This is maybe a bit tangential (oh boy, that pun wasn’t intended), but I’m looking for some sort of article that discusses the tangent half-angle link function (tan-half) used in brms as the default link for von Mises distributions. In all my searching online I have found exactly one bit of documentation (from the R package circtree) that explains that the link is used to restrict values to the (-\pi, +\pi) range. Are there any other articles (or brms documentation) further discussing this? I’d like to understand how/why this is implemented, why it’s the default link, etc.
Hmm interesting catch. Any chance you could elaborate?
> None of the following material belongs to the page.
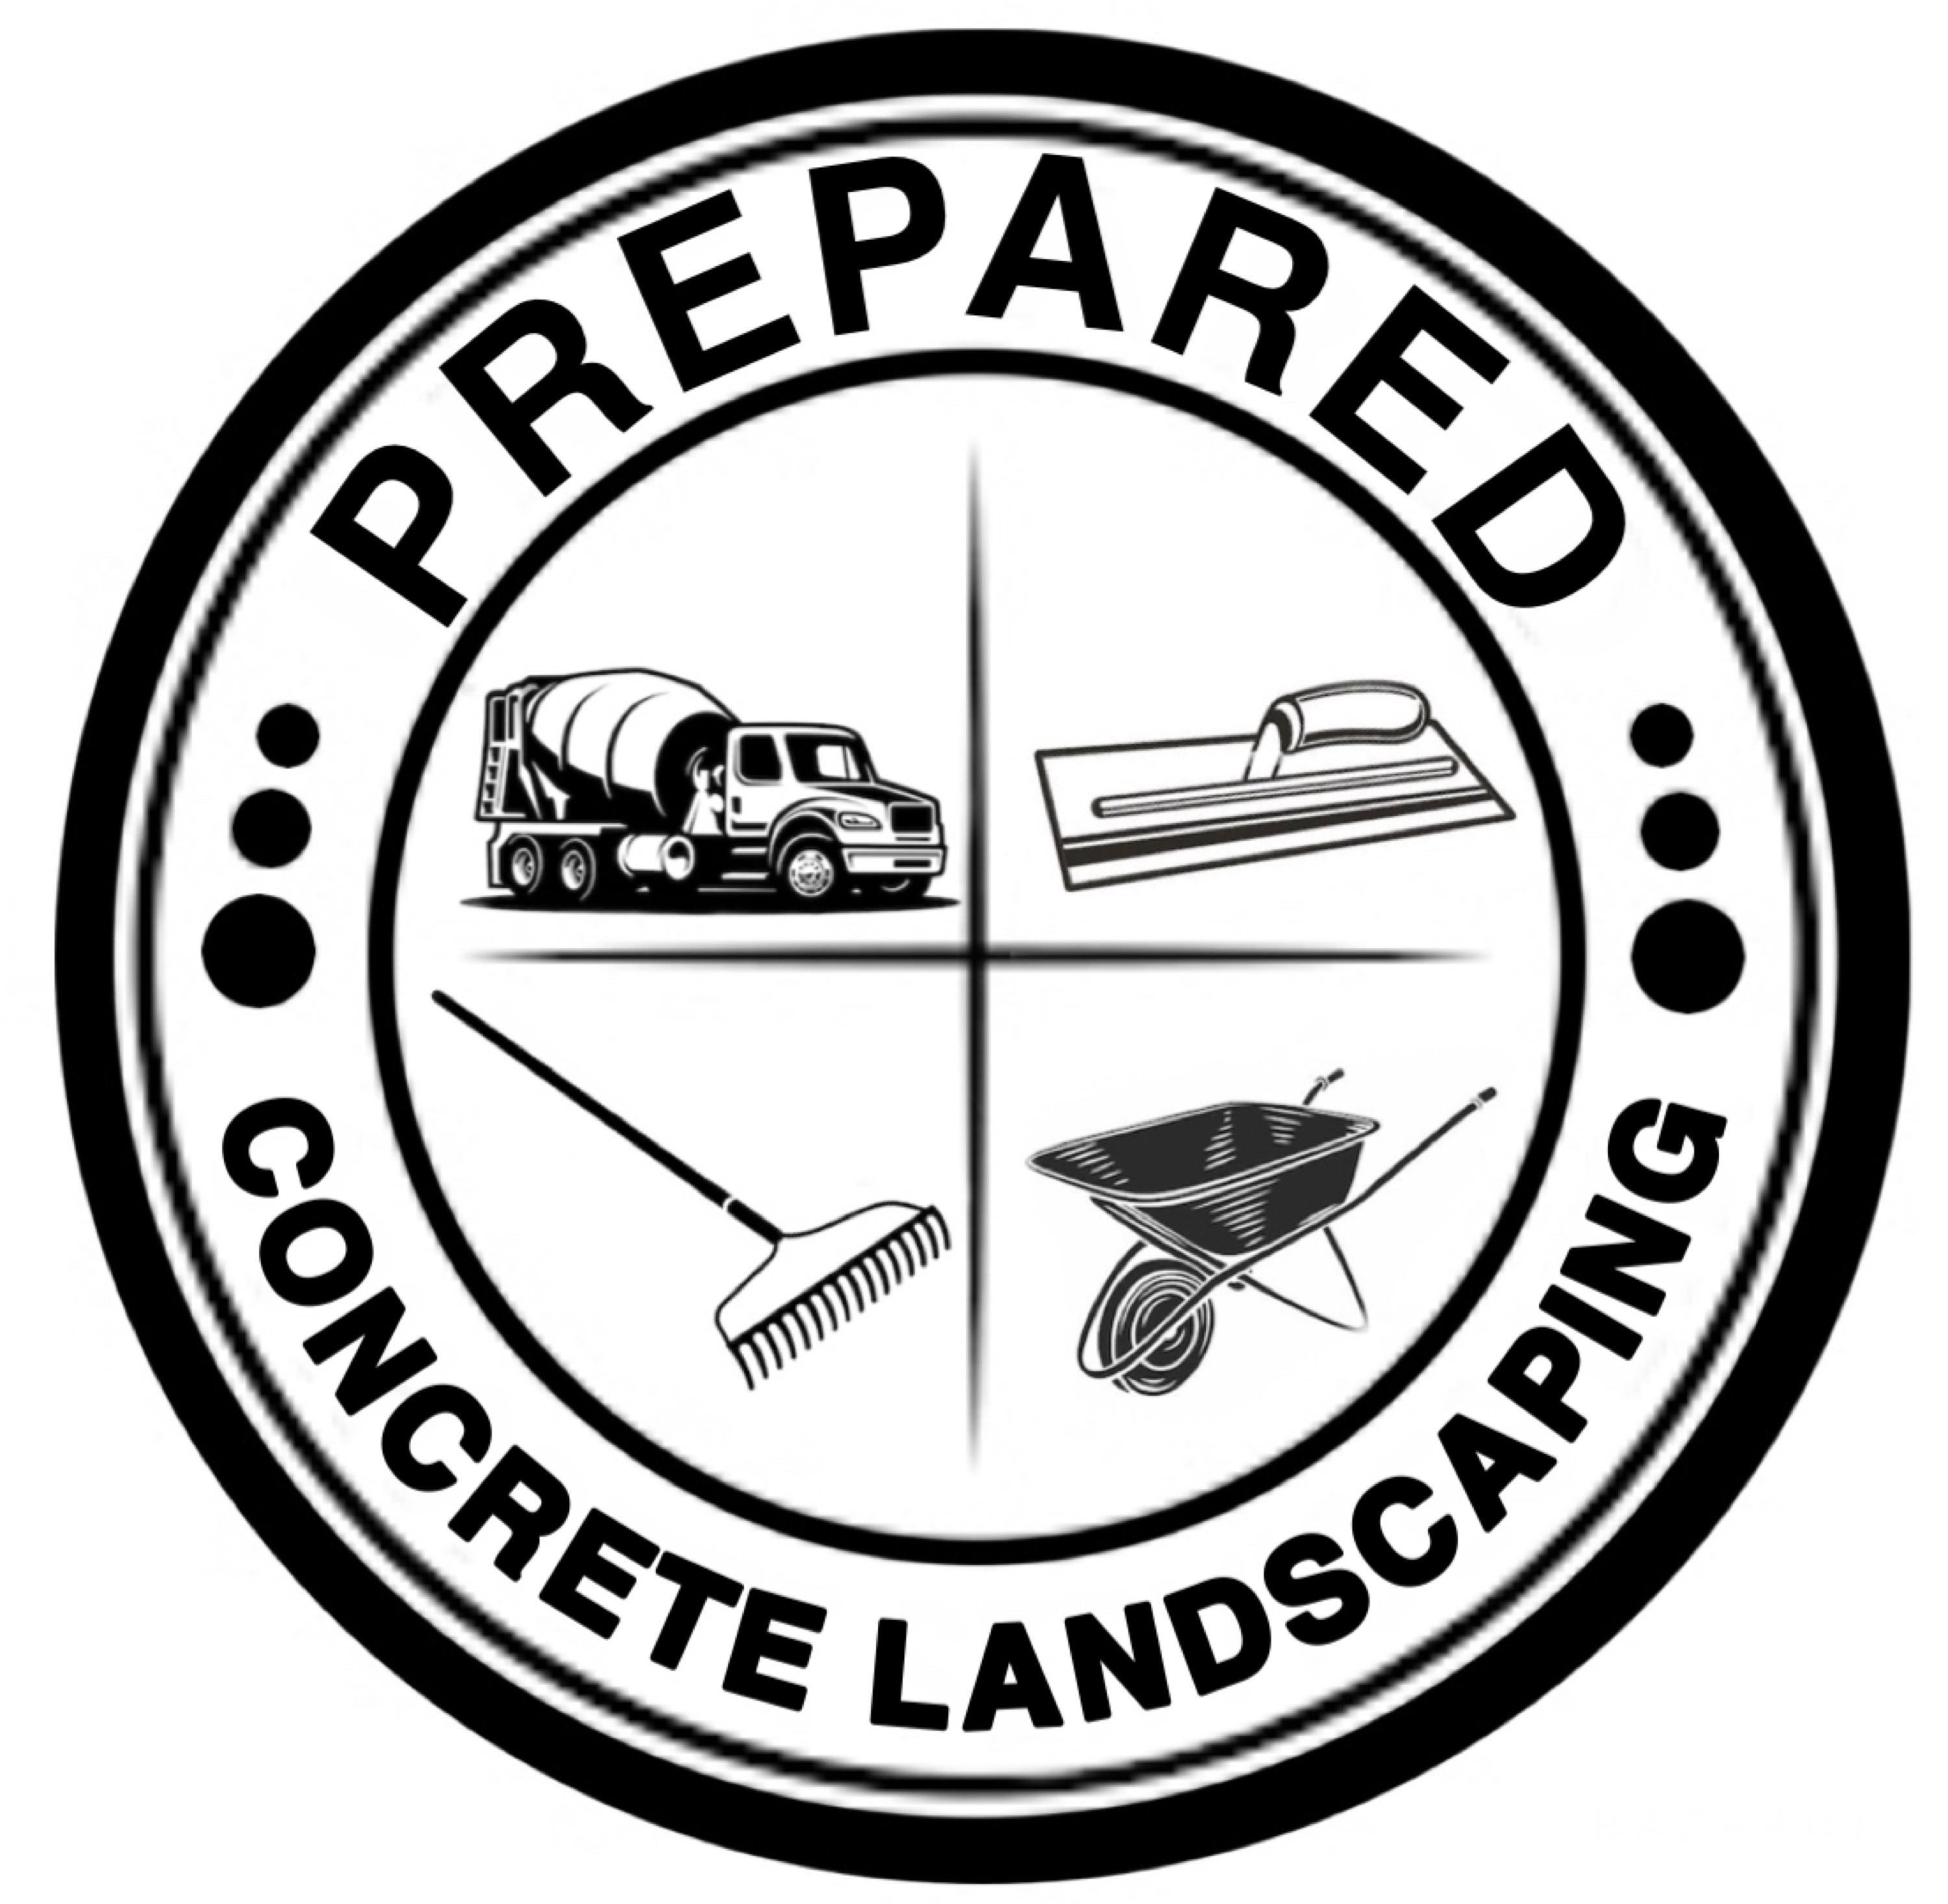 Prepared Concrete Landscaping Logo

Is your idea that this is maybe part of a compute-efficient reparameterization of the von Mises distribution?
My bad, I see now that’s unrelated. The idea behind the half-tan link is that for circular data, the location parameters of the Von Mises wraps around such that a value of -pi implies the same model as as a value +pi (ditto any integer multiple of these values). This can cause sampling issues if the location is left unconstrained because you can always get an equivalent likelihood by stepping 2pi in either direction. So if there’s a mode at say 0.5, there will also be modes at 0.5+2pi, 0.5+4pi, …, 0.5-2pi, 0.5-4pi, … The tan function has the nice property that it transforms an unbounded input to an output bounded to -pi and +pi, so the sampler can explore an unbound parameter whilst yielding a likelihood that doesn’t venture into the repeating territory.
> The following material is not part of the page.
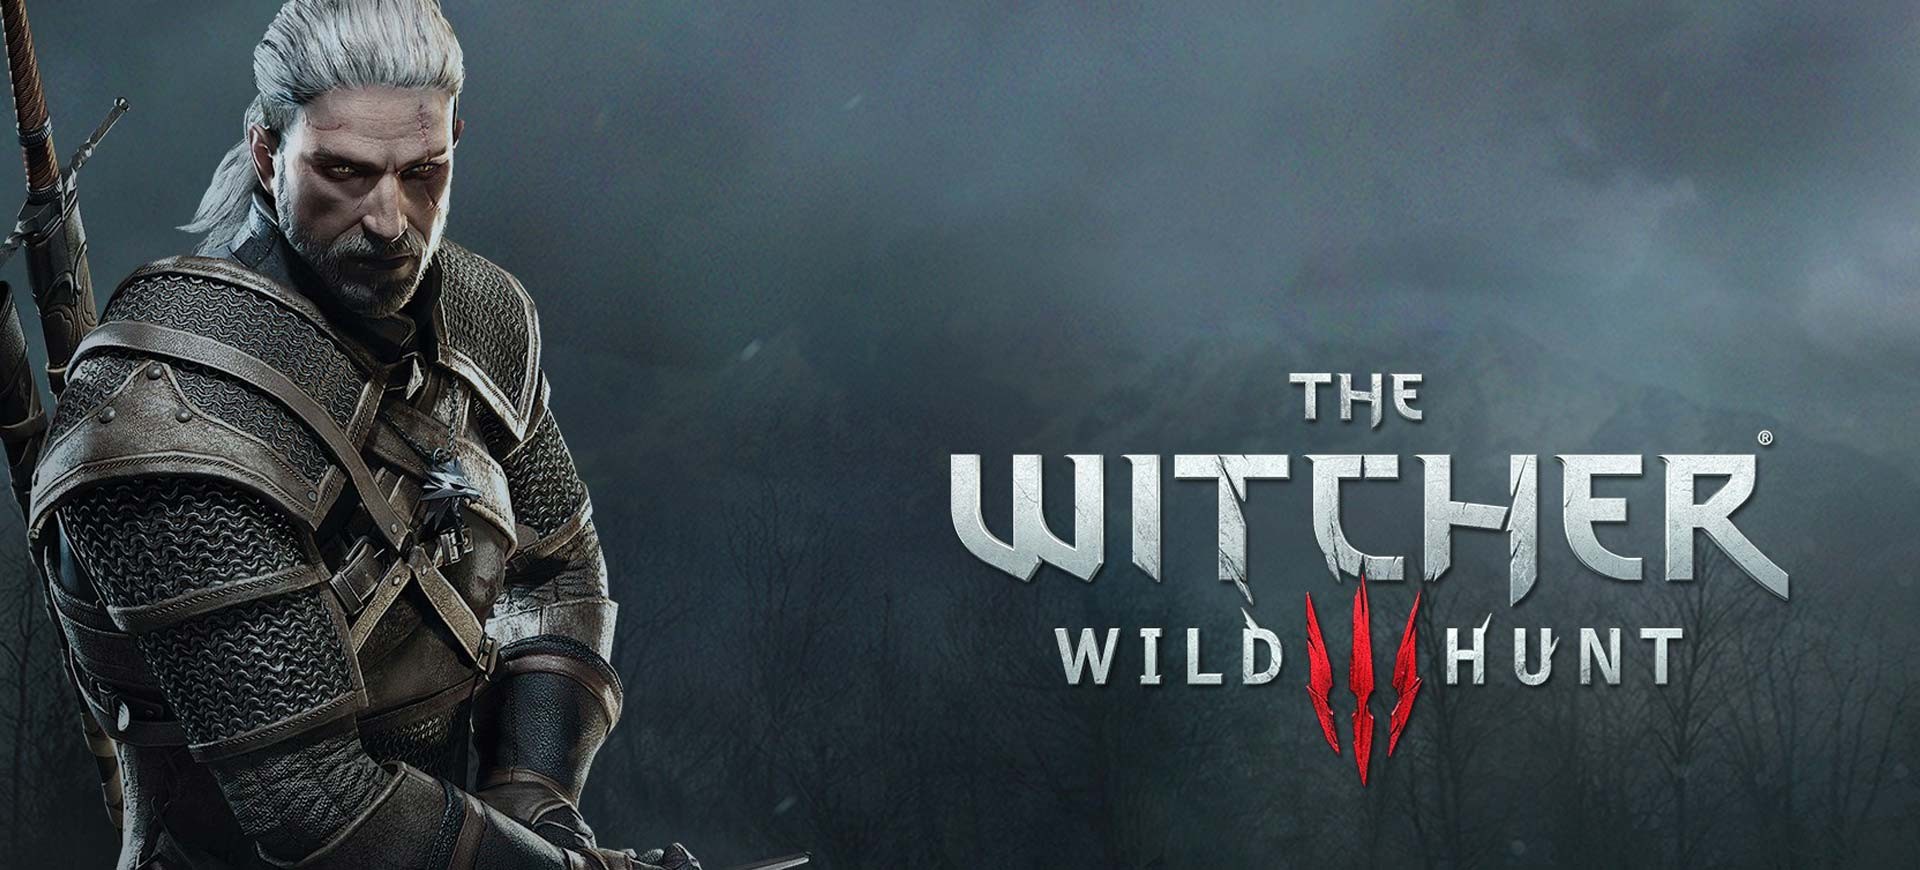 game-infographic-witcher-3-wild-hunt-co-gi-dac-biet

Note that an alternate would be to declare bounds on the location parameter, in which case the sampler would create an unbound variable behind the scenes and apply a transform to yield a parameter that meets the bounds. I imagine however that the “scaled and translated log-odds” transform is pretty similar in input-output mapping to tan, while tan has the nice property of already imposing the bounds of -pi/+pi we need.
I am familiar with that property of von Mises distribution. If I understand your point, then, the problem exists with the idea of brms/stan working on unbounded transformed scale of the DV/outcome variable? And that’s where you can get modes at every multiple of 2pi as it would just keep wrapping around and around the circle? So, the tan-half link bounds the output so it doesn’t run into this issue? I would guess that that’s why I ran into issues when I tried to set the link to identity…
just to mention for anybody who encounters this in the future–I know you know this @mike-lawrence–that this alternative doesn’t generally work in any self-consistent way if the location parameter is getting modeled as a function of covariates. The constraining transform needs to be applied to the linear predictor itself.
If i remember correctly, a disavantage of the tan-half link is that is can make transform an unimodal distribution on the constrained circular space into a (potentially strongly) bimodal distribution in the unconstrained space, if there is relevant posterior mass near the “cutting point” of the link function in constrained space. Even if there is negligible mass there I imagine the sampler could probably get stuck on the wrong side of that edge if there’s a strong gradient there.
Another way to parameterise a circular distribution is to use vectors of higher dimension projected down to the desired dimensionality. This avoids both the bimodality and the unboundedness issue. See e.g. this thread for some discussion about some important technicalities behind that:
I didn’t continue it so far, as I got too busy with other things. I also didn’t hear of anyone else continuing with it.
I could imagine I might pick it up again in autumn/winter.